- **DATA SHOWN**:
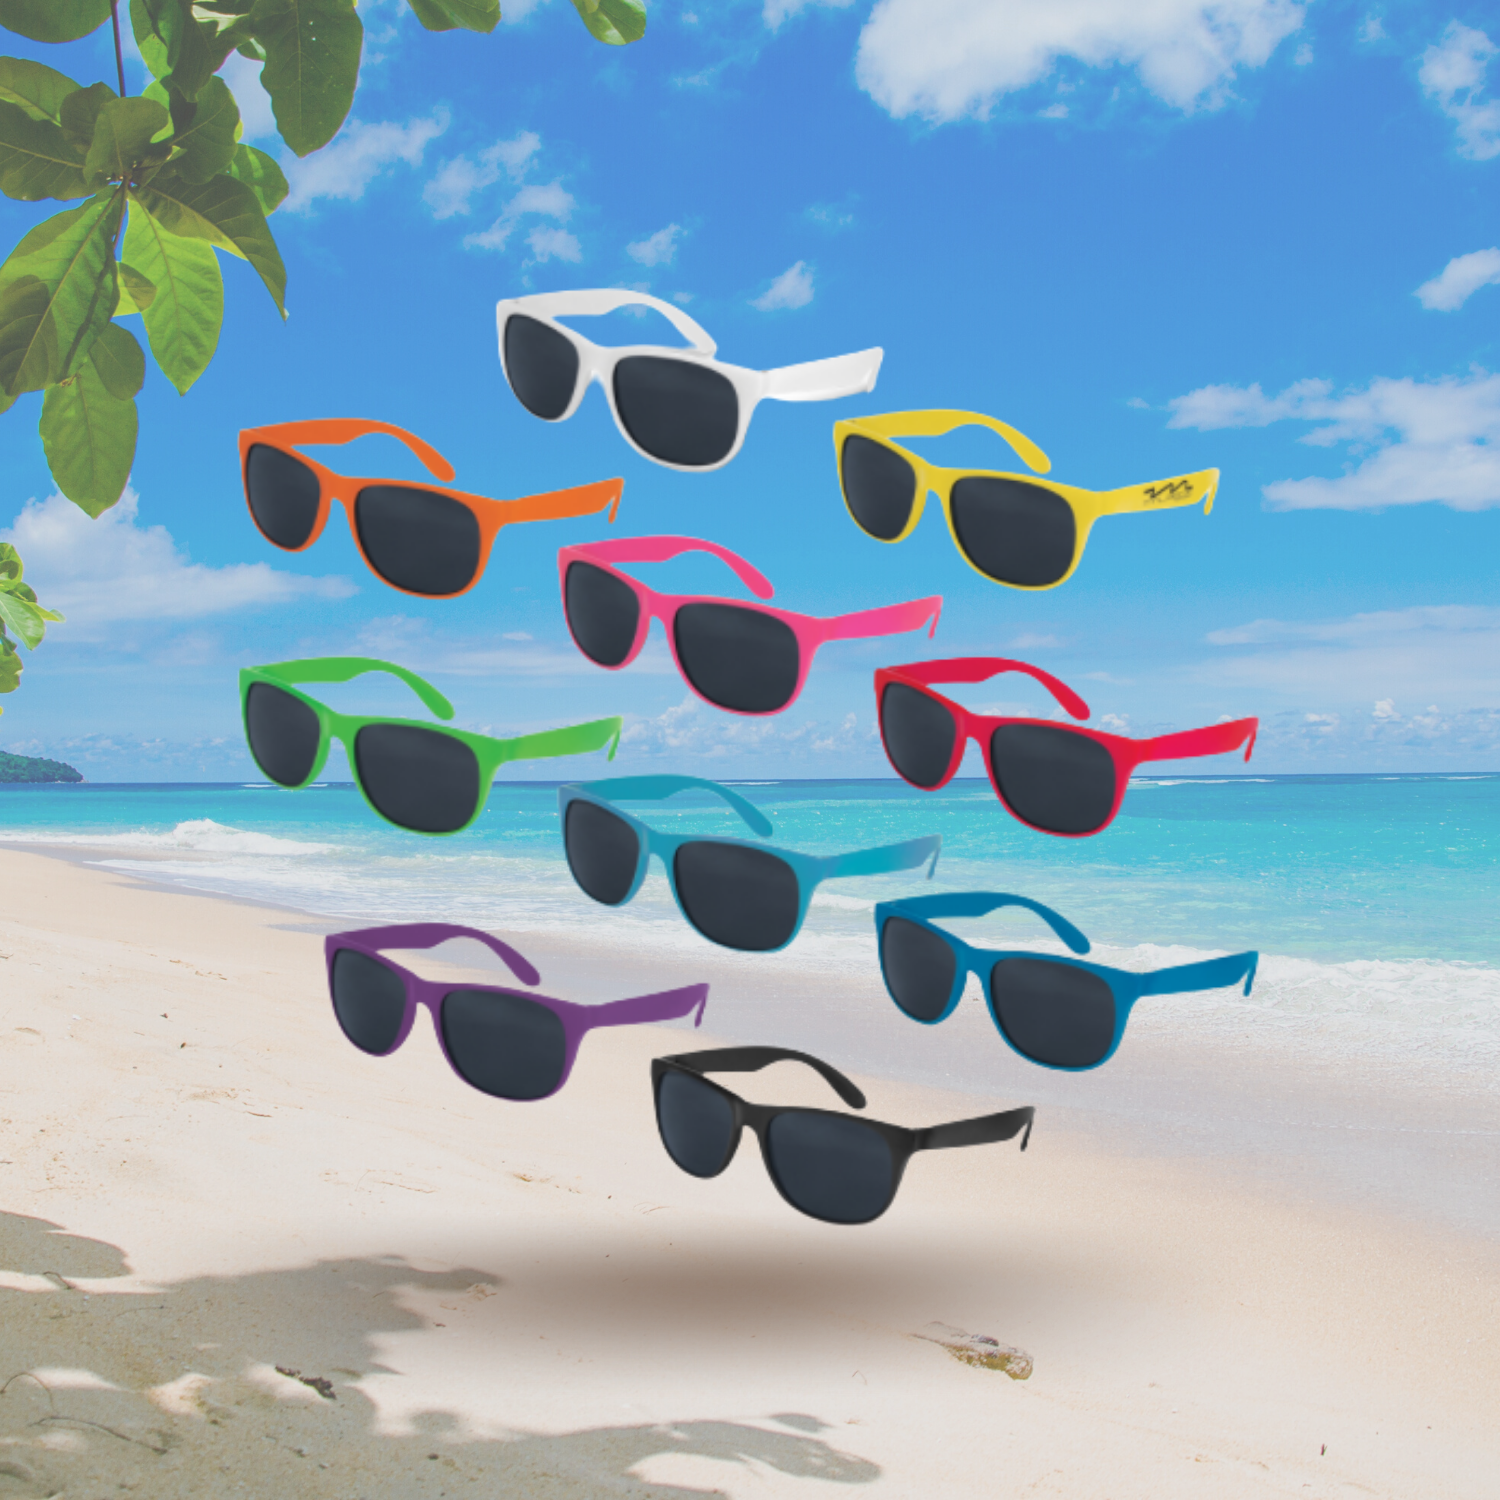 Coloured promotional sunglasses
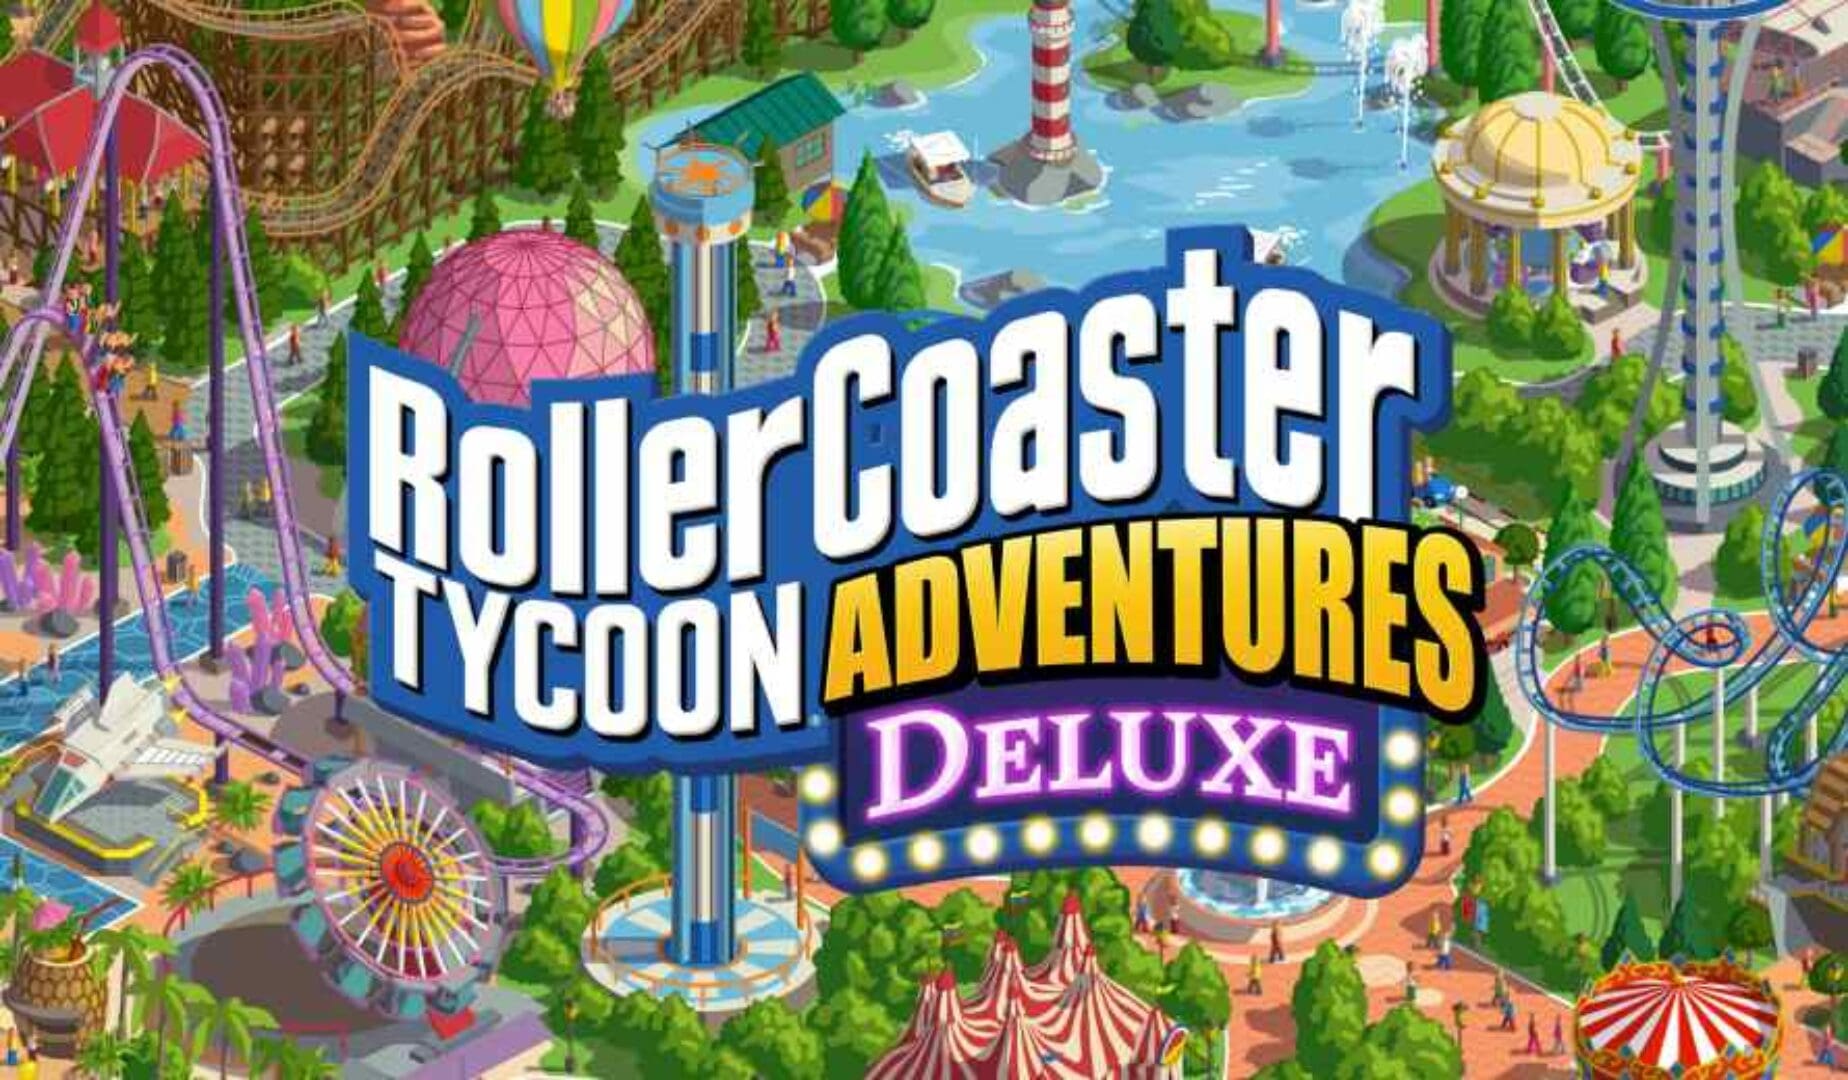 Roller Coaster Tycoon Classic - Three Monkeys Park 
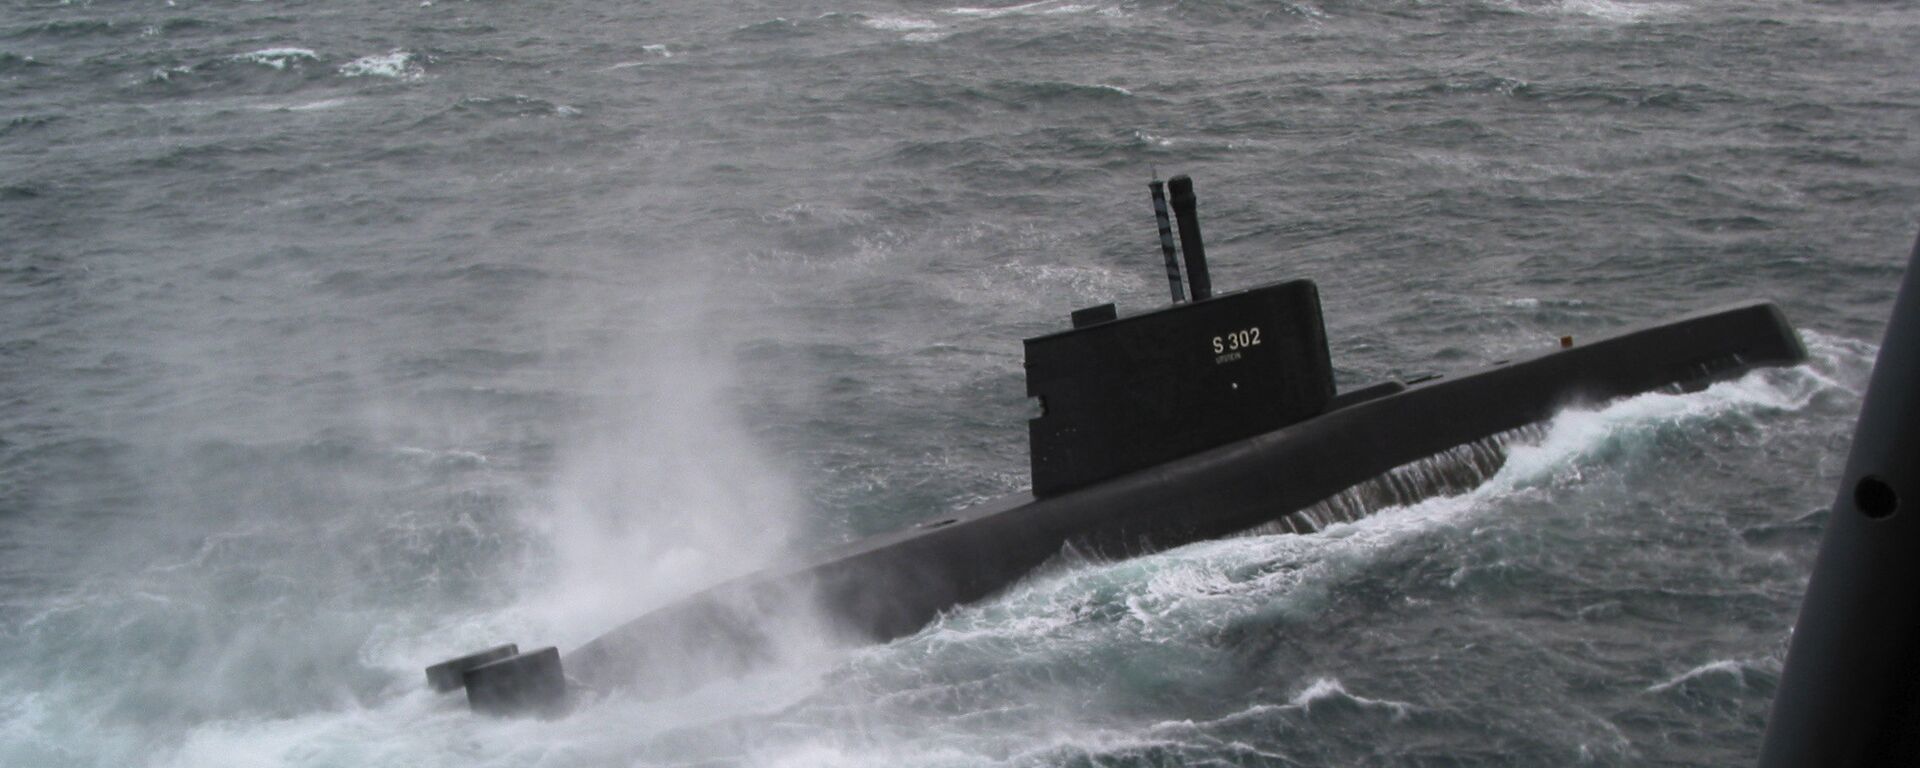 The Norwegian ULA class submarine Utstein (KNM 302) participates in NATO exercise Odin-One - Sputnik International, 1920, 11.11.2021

- **WHAT YOU HAVE TO DO**: Each line of the material goes into your copy unchanged, but no picture does.

- **TASK OUTPUT**:
 Coloured promotional sunglasses
 Roller Coaster Tycoon Classic - Three Monkeys Park 
 The Norwegian ULA class submarine Utstein (KNM 302) participates in NATO exercise Odin-One - Sputnik International, 1920, 11.11.2021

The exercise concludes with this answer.